I came across the below cohort definition in Atlas here. Am just trying to learn Atlas features better. This cohort is to identify people who had ACE/ARB as 1st line drug and CCB as 2nd line drug

From the screenshot below, Am I right to understand that the criteria exactly 1 using distinct standard concept will look for only one concept_id?. A patient might have multiple antihypertensives but he will selected only if he has history of only one concept id (which is a hypt drug from concept set)

If we look at the cohort here, it is basically making sure that person has only ARB/ACEi drug (only one drug from ARB/ACEi - only one concept id) has a history of antihypertensive monotherapy.

I think considering the idea of cohort definition, it shouldn’t be exactly 1 as patients can switch between different drugs under same drug class. So just wanted to confirm my understanding of the Atlas feature before we debug the Atlas cohort definition

Can help me with the below?

Chris_Knoll · May 6, 2021, 1:17pm

Saying ‘it will look for only one concept_id’ is not exactly accurate phrasing: saying ‘exactly 1 distinct standard concept concept’ means it’s going to look for all records that match the concept set, but the person can only have exactly 1 distinct drug_concept_id in the set of records found. One thing you may not be aware of is that drug_era is rolled-up to ingredient concepts, so different branded drugs map to the same ingredient, making it easier to ask questions like ‘only exposed to exactly 1 ingredient’.

So, if this cohort definition is trying to restrict the cohort inclusion to the point in time the initiated a second ingredient exposure but not a third…) then the inclusion rule works… If the inclusion rule is actually trying to do a 'history of first-line or non-first line) then I think the rule could be updated to look for ‘at least 1 using all records’ instead of ‘exactly 1 using distinct standard concepts’. I don’t know what the cohort definition author was going for, so I can’t tell you what the right answer is.

To your point, if the person was exposed to different ingredients but those would be considered the ‘same line of therapy’ then the above rule wouldn’t work.
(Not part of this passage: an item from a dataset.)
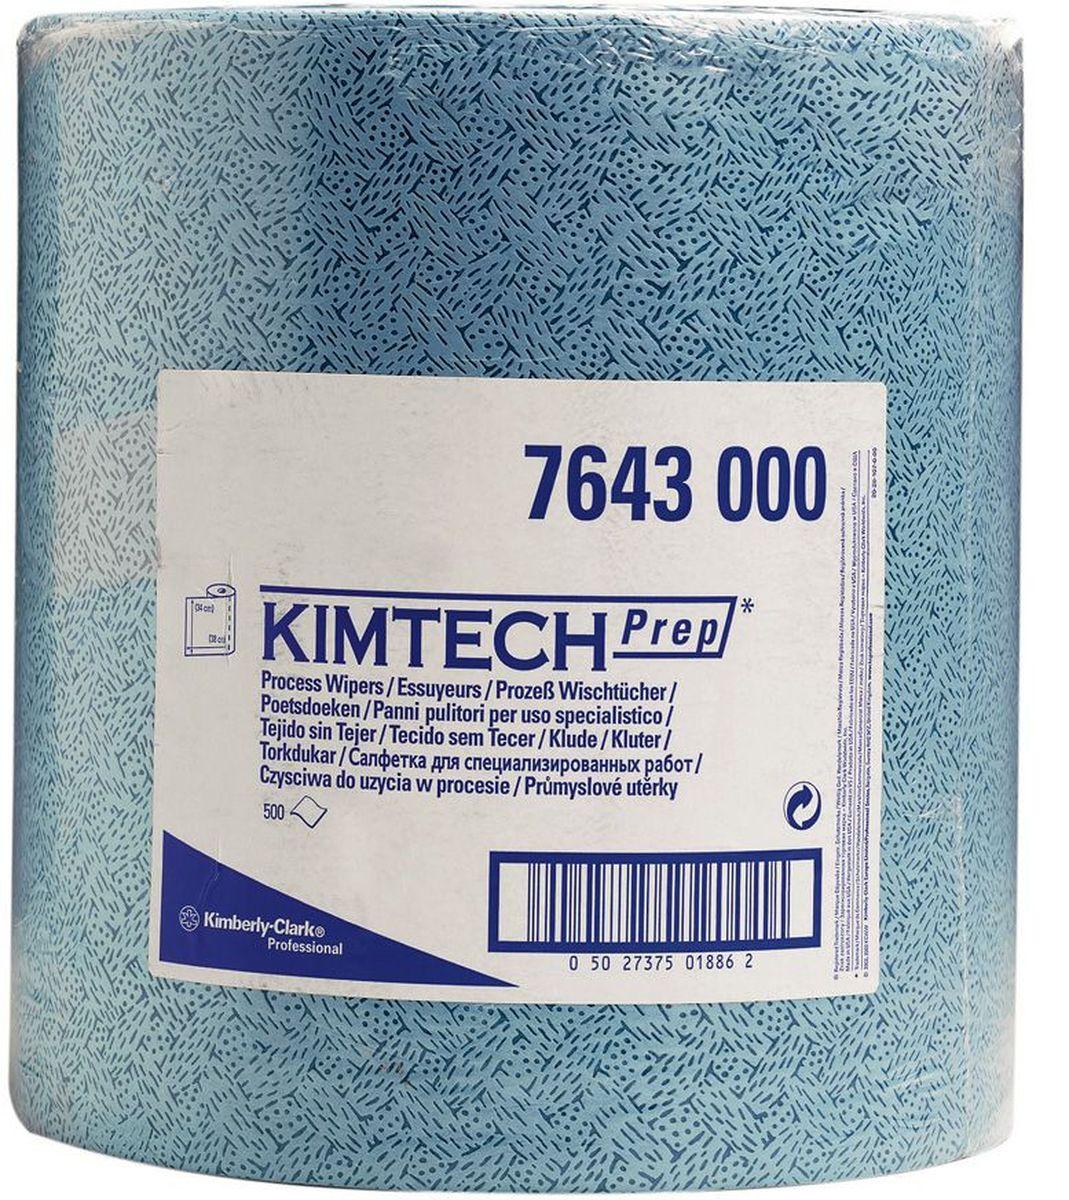 Салфетки Kimtech, 500 шт. 764310503Салфетки Kimtech, выполненные из полипропилена,предназначены для обезжиривания и подготовки поверхностейк дальнейшей обработки. Полипропилен - материалбезворсовый, прочный, поэтому салфетки можно использоватьс растворителями. Они прекрасно впитывают большоеколичество любой жидкости и подходят для применения вчистых помещениях. класса C-D (ISO 7-8).

I think it might be challenging to devise a logical rule where you want to have a concept set determine a particular ‘line of therapy’ and then try to determine the point in time when you are at a first line of therapy vs. a second line of therapy.
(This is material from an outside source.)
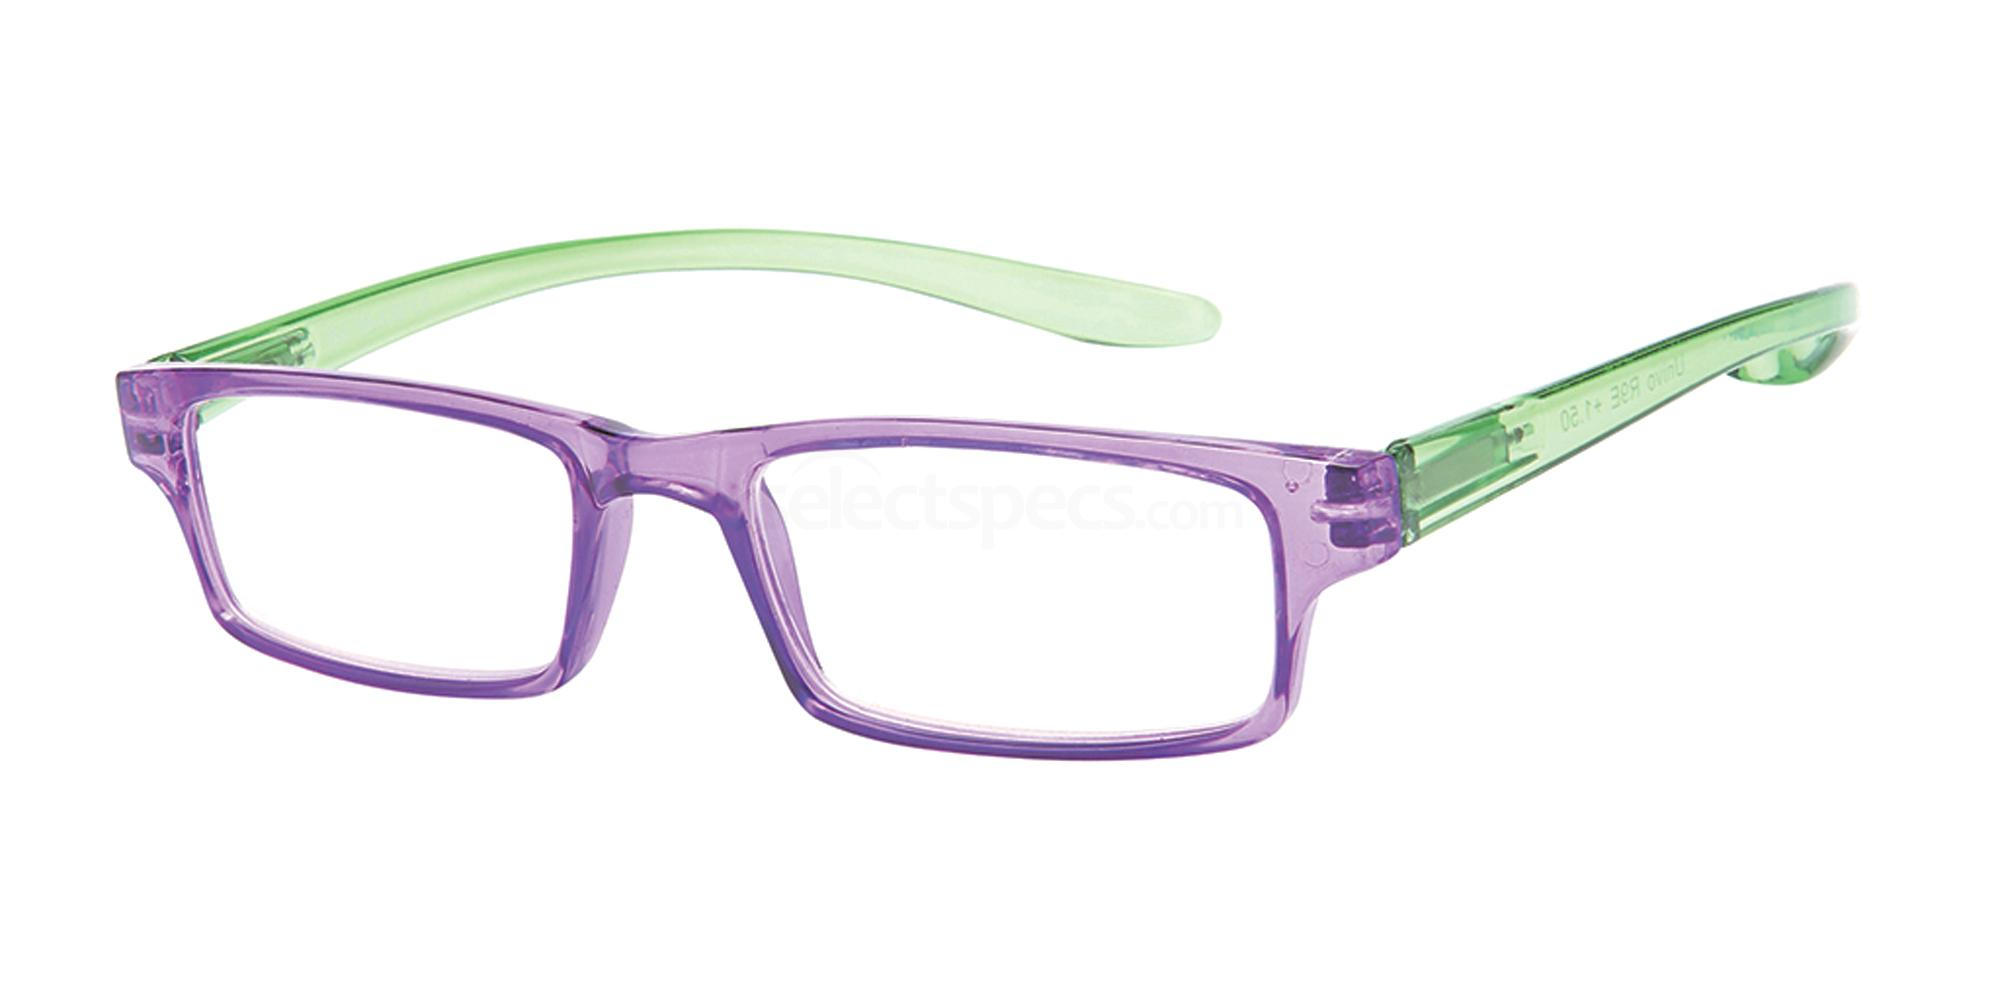 +1.00 Power Reading R9 - E: Purple / Green Accessories, Univo Readers

hui_xing_tan · May 6, 2021, 3:33pm

Hi @SELVA_MUTHU_KUMARAN

Thanks for sharing! Looks like the cohort is trying to find people with ARB/ACEi = first line, CCB = second line

The cohort entry is when the person is exposed to CCB for the first time, and the first inclusion criteria,

Had ACEi/ARB before

makes sure that he was taking ACEi/ARB before the first exposure to CCB

The third inclusion criteria,

A history of antihypertensive monotherapy (first-line or non-first-line, 56 ingredients) preceding the index date

→ I’m guessing it’s to ensure that no other antihypertensive medication besides ACEi/ARB was being used by having the “exactly one” “standard concept”. However, this would restrict the inclusion to only people who were taking one ingredient under ACEi/ARB, so if a person was taking two ingredients but both were ACEi/ARB (i.e. two separate standard concepts), he would be excluded from this cohort as well.

Agree with @Chris_Knoll - If the intention is to restrict the cohort inclusion to people who were taking exactly one ingredient under the ACEi/ARB class before the CCB exposure, then it is okay. If the intention is to also include those who were taking more than one ACEi/ARB but only that class of medication, then there will be some cases excluded.